Sign in to add a comment

Security: Local file access in plugins via chrome-extension protocol handler vulnerability

Project Member Reported by rob@robwu.nl, Oct 19 2014

Issue description

This template is ONLY for reporting security bugs. Please use a different
template for other types of bug reports.

Please see the following link for instructions on filing security bugs:
http://www.chromium.org/Home/chromium-security/reporting-security-bugs


VULNERABILITY DETAILS
Please provide a brief explanation of the security issue.
The chrome-extension: and chrome-extension-resource: protocol handlers inherits from the file:-protocol handler.
On Windows, the file:-protocol handler has a special case for .lnk files (see URLRequestFileJob::IsRedirectResponse). These shortcuts are automatically resolved and treated as a redirect. Consequently, chrome-extension://EXTENSIONID/shortcut.lnk URL will be resolved to a file://-URL.

Thanks to the tight security checks for file:-URLs in ResourceLoader::OnReceivedRedirect, this bug does not create an issue for most process types. NPAPI plugins are exempt from these security checks though, so programs that use these plugins can bypass the file:-scheme restriction on Windows computers (even if the plugin runtime restricts file:-access).

The IShellLink API is used to resolve .lnk files, which is not limited to absolute paths. So even with little knowledge of the filesystem structure, an attacker can read many sensitive files. (IShellLink - http://msdn.microsoft.com/en-us/library/windows/desktop/bb776891.aspx).

VERSION
Google Chrome Stable 38.0.2125.104 (Official Build 290379)
OS      Windows (tested with XP and Windows 7)
Flash   15,0,0,189

REPRODUCTION CASE
Please include a demonstration of the security bug, such as an attached
HTML or binary file that reproduces the bug when loaded in Chrome. PLEASE
make the file as small as possible and remove any content not required to
demonstrate the bug.

Steps to reproduce:
I guess that Flash is the most popular and innocuous-looking NPAPI plugin, so here is a PoC for Flash.

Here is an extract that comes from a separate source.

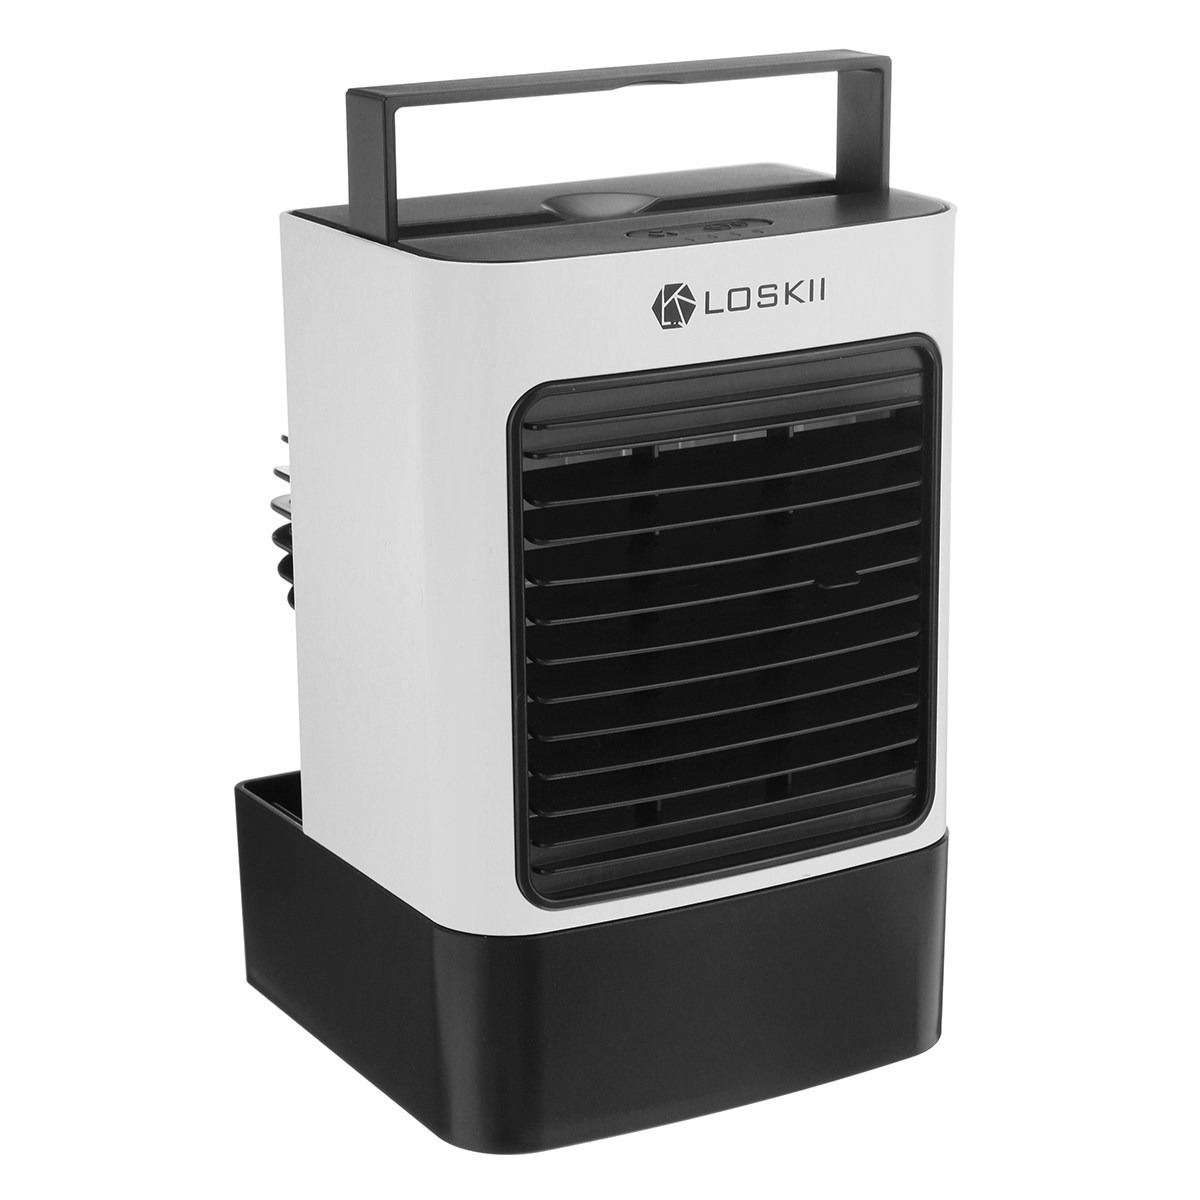 Loskii-F830-Negative-Ion-Air-Conditioner-Air-Cooler-Desktop-Electric-Fan-Two-Blowing-Modes-Three-Gea-1826132-4

1. Install NPAPI Flash from http://get.adobe.com/flashplayer/.
2. Disable PPAPI Flash.
3. Load the attached extension:
   - Visit chrome://extensions
   - Enable developer mode
   - Load unpacked extension
   - Select the directory that contains the extracted zip file.
4. After loading the extension, the extension will automatically open the HTML file in a new tab that embeds the Flash object.
5. This Flash object just loads the extension resource (shortcut.lnk). shortcut.lnk point to C:\boot.ini. You can change the shortcut to anything else to see the contents of your file exposed.

See winxp.png and win7.png for screenshots of the PoC in action.

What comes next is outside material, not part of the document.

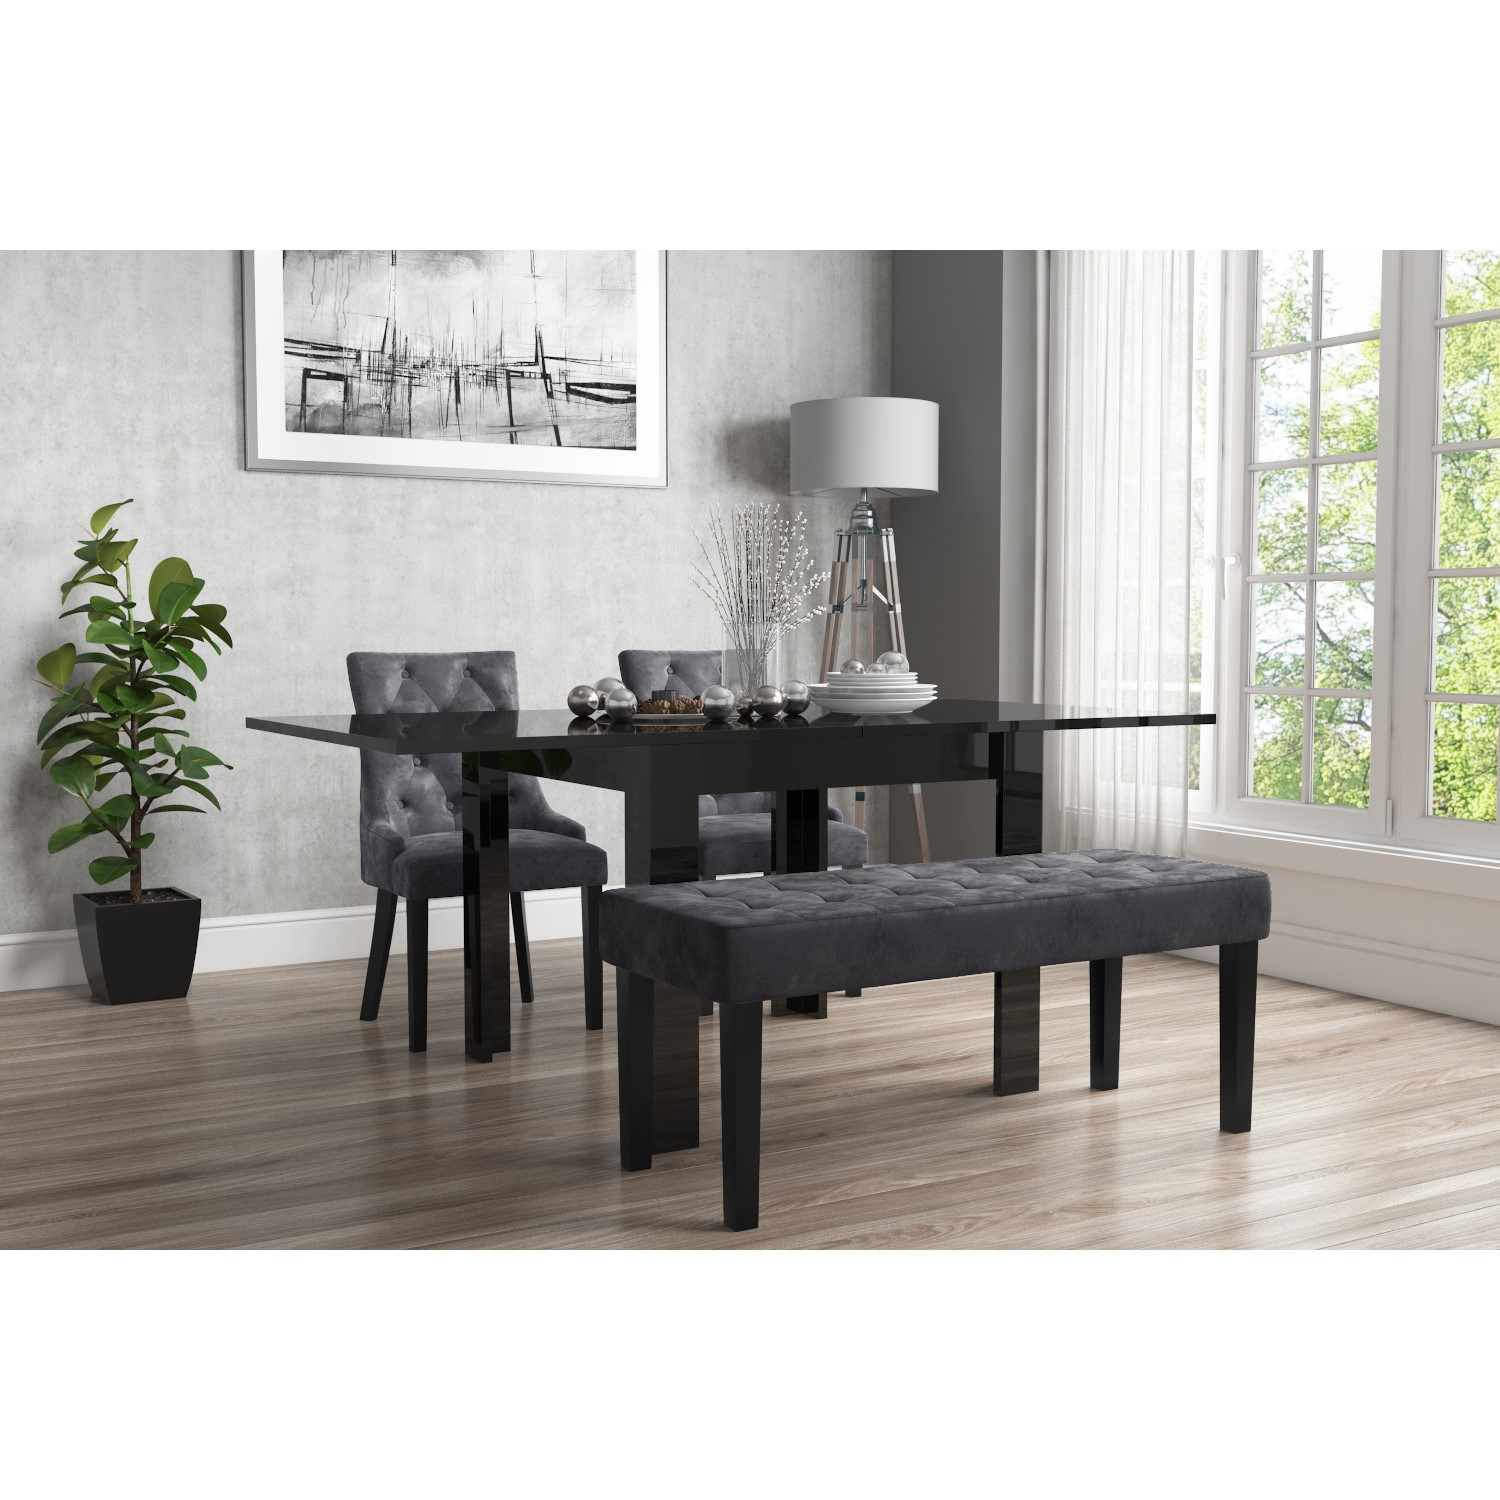 Flip Top Dining Table In Black High, Black Kitchen Table And Chairs Bench

(Flash code (Main.as) based on http://help.adobe.com/en_US/FlashPlatform/reference/actionscript/3/flash/net/URLRequest.html#includeExamplesSummary and http://stackoverflow.com/a/5994185)

I have added the Flash label to this bug because I've confirmed the vulnerability in Flash, but the bug probably affects other NPAPI plugins such as Java.

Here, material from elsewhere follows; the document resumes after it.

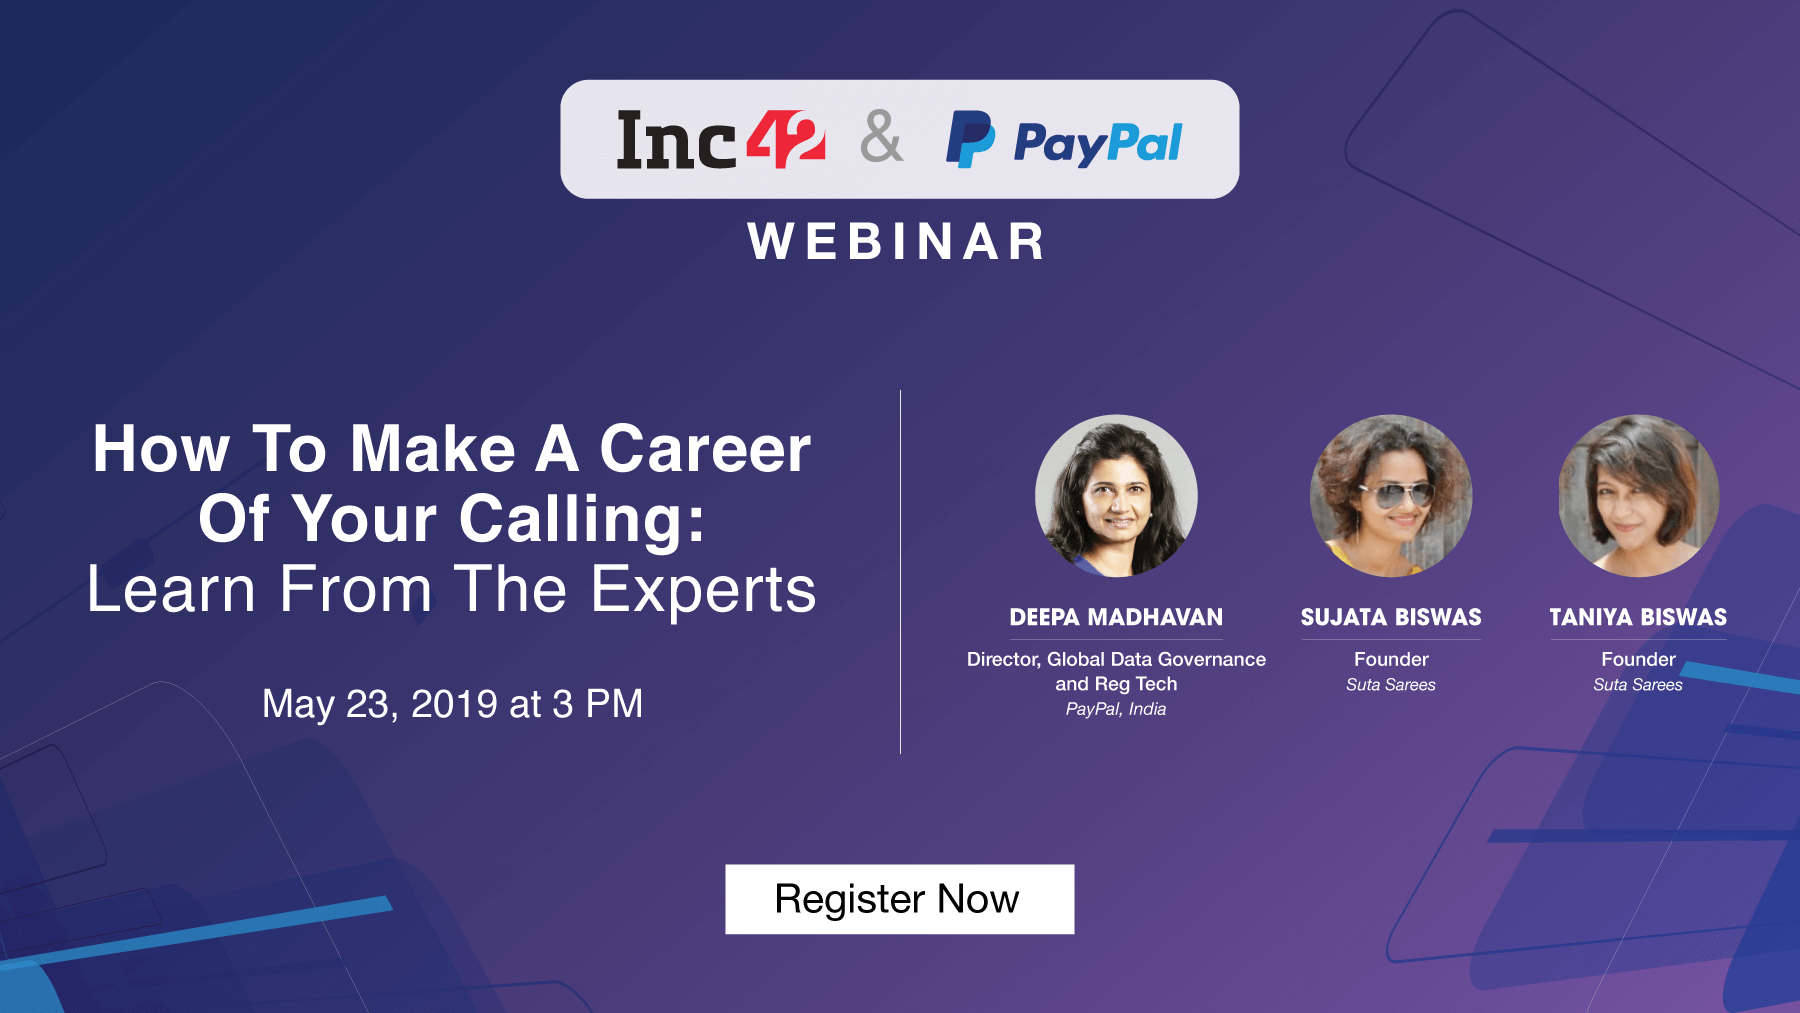 Webinar: How To Make A Career Of Your Calling - Learn From The Experts

I found this issue when I was working on  bug 388852 , so a patch is underway.
 
proof-of-concept.zip
3.1 KB Download
Main.as
2.3 KB Download
winxp.png
8.9 KB View Download
win7.png
13.5 KB View Download

Comment 1 by rob@robwu.nl, Oct 19 2014

Cc: miket@chromium.org abarth@chromium.org kalman@chromium.org
CC reviewers of my patch at https://codereview.chromium.org/650453003/ for the full context (not sure if you are otherwise able to view this restricted bug).

Comment 2 by kalman@chromium.org, Oct 20 2014

"Consequently, chrome-extension://EXTENSIONID/shortcut.lnk URL will be resolved to a file://-URL"

That seems like the bug to me, it sounds like it should resolve to a chrome-extension URL.

Comment 3 by rob@robwu.nl, Oct 20 2014

> "Consequently, chrome-extension://EXTENSIONID/shortcut.lnk URL will be resolved to a file://-URL"
>
> That seems like the bug to me, it sounds like it should resolve to a chrome-extension URL.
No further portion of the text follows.